• AIM OF THE EXERCISE: Your answer must be an exact transcription of the data, with every picture omitted.

• MATERIAL PROVIDED:
-- Opening Marker --

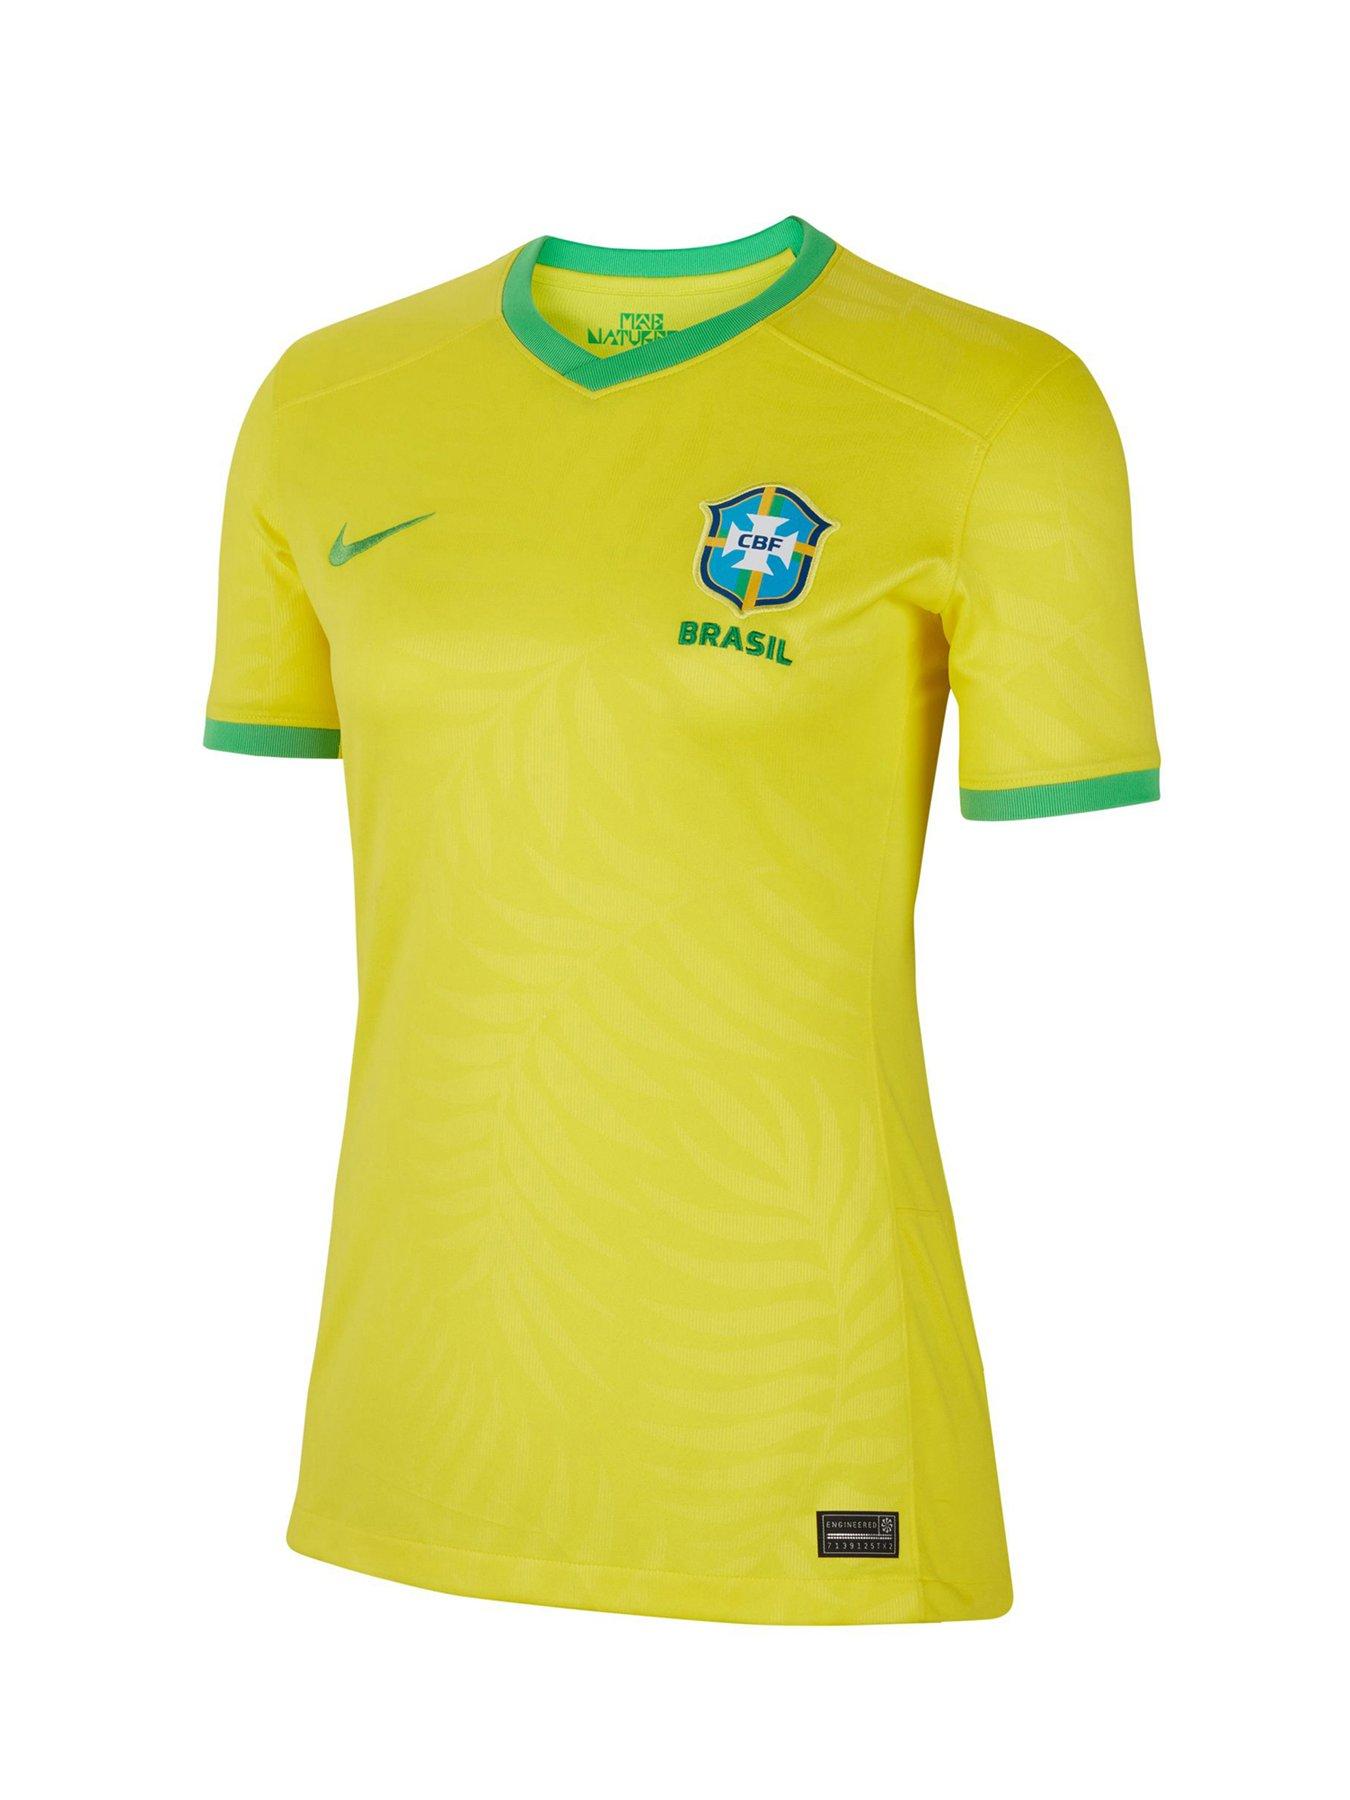 File:Nike Brazil CBF N98 Men's Soccer Track Jacket front.JPG
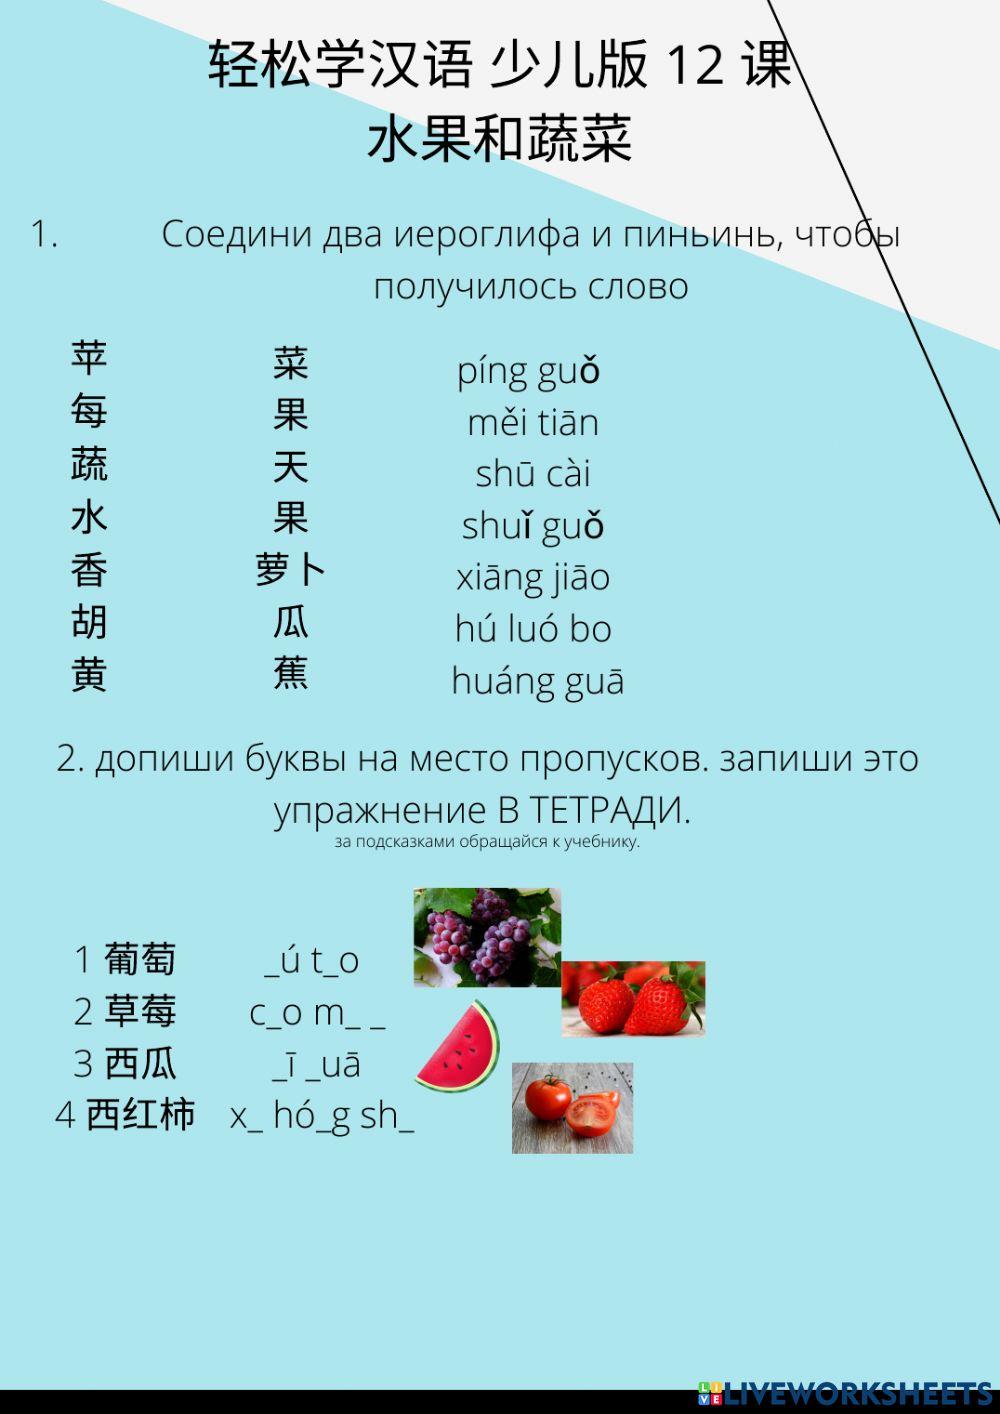 轻松学汉语 少儿版 12 课 水果和蔬菜 fruits and vegetables
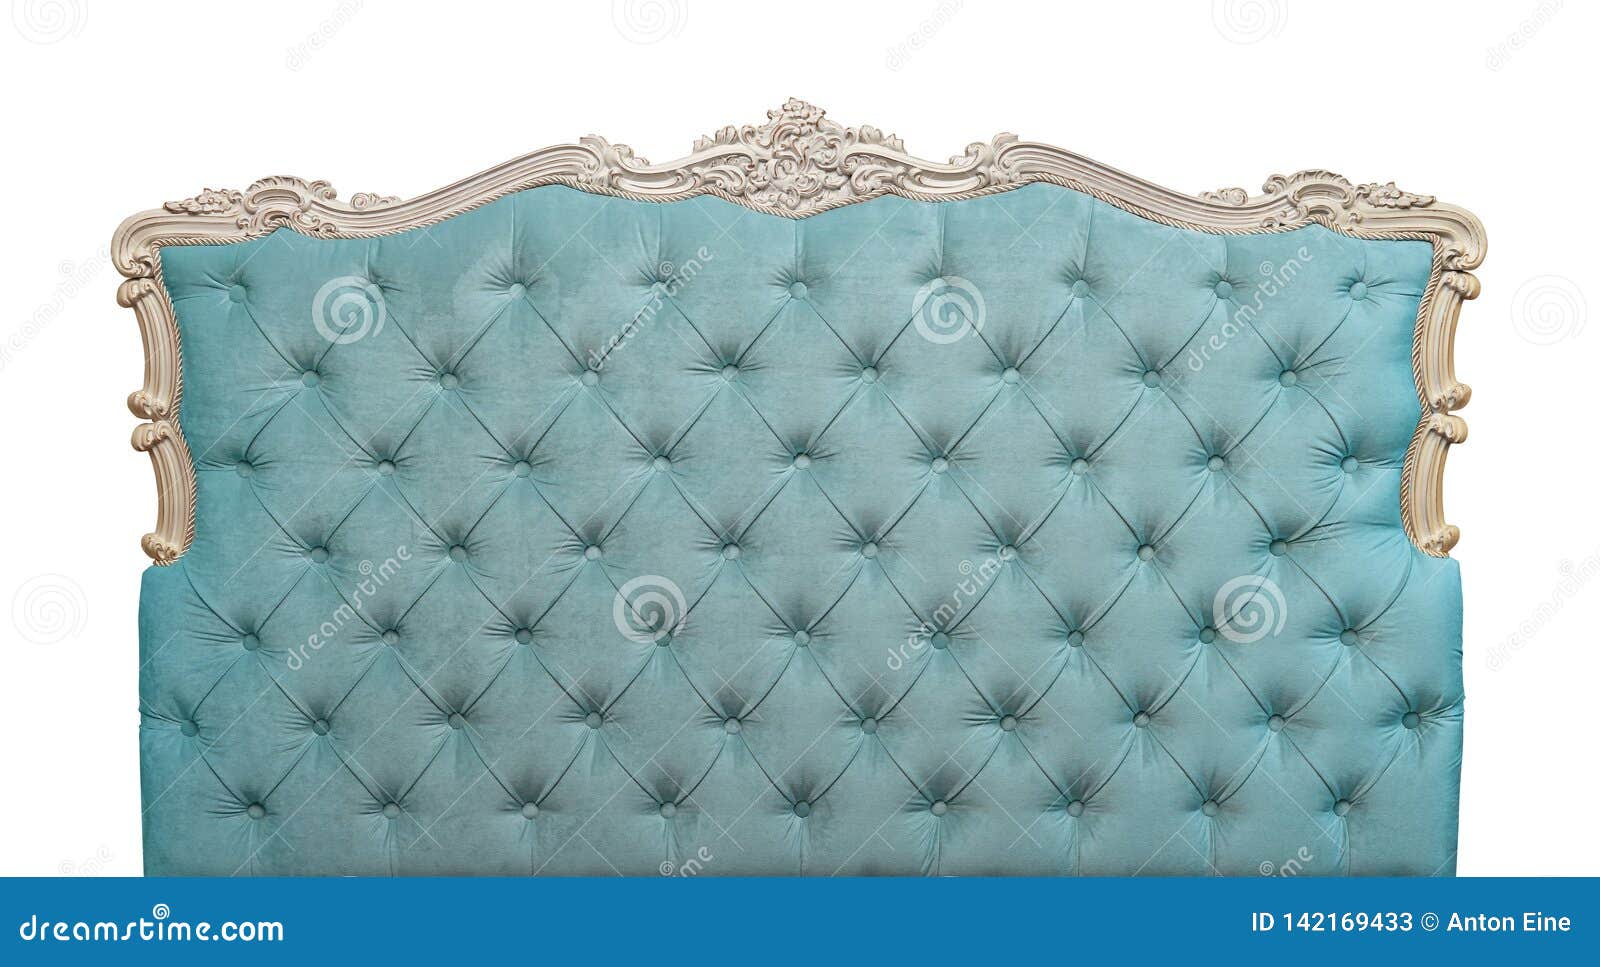 blue velvet bed headboard  on white
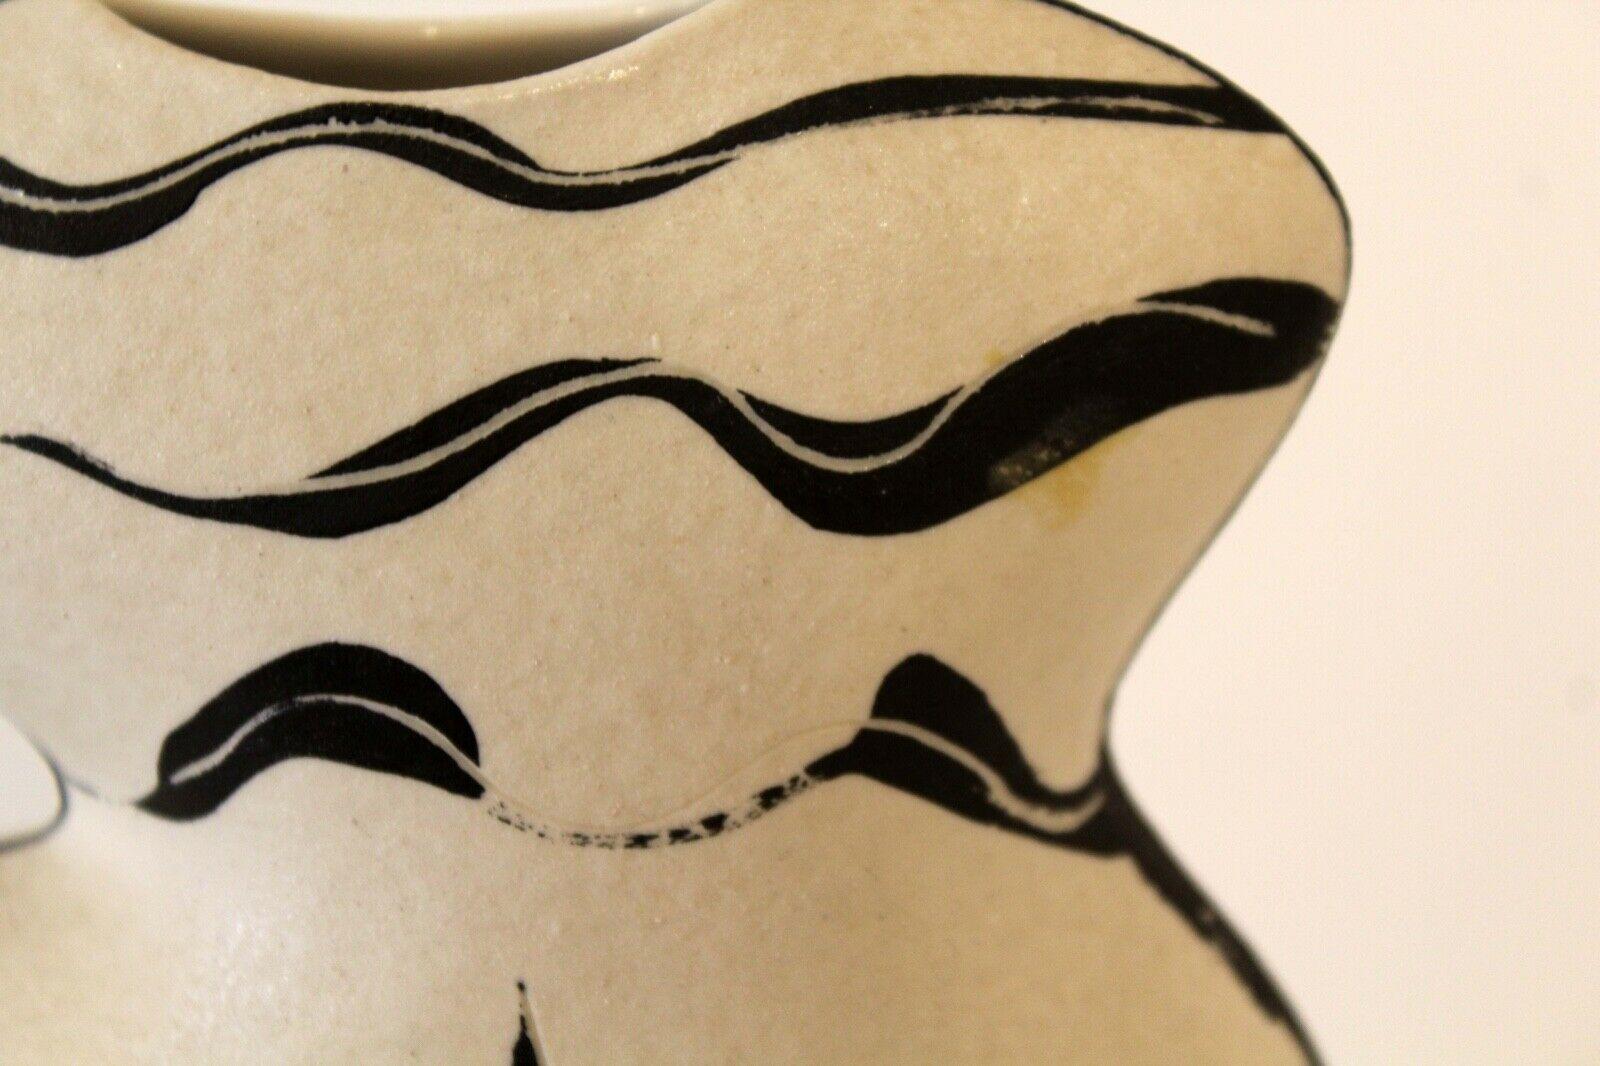 Polseno Nude Figurative Vase, Signed 1

-- Closing Marker --

• FINISHED EXERCISE:
 File:Nike Brazil CBF N98 Men's Soccer Track Jacket front.JPG
 轻松学汉语 少儿版 12 课 水果和蔬菜 fruits and vegetables
 blue velvet bed headboard  on white
 Polseno Nude Figurative Vase, Signed 1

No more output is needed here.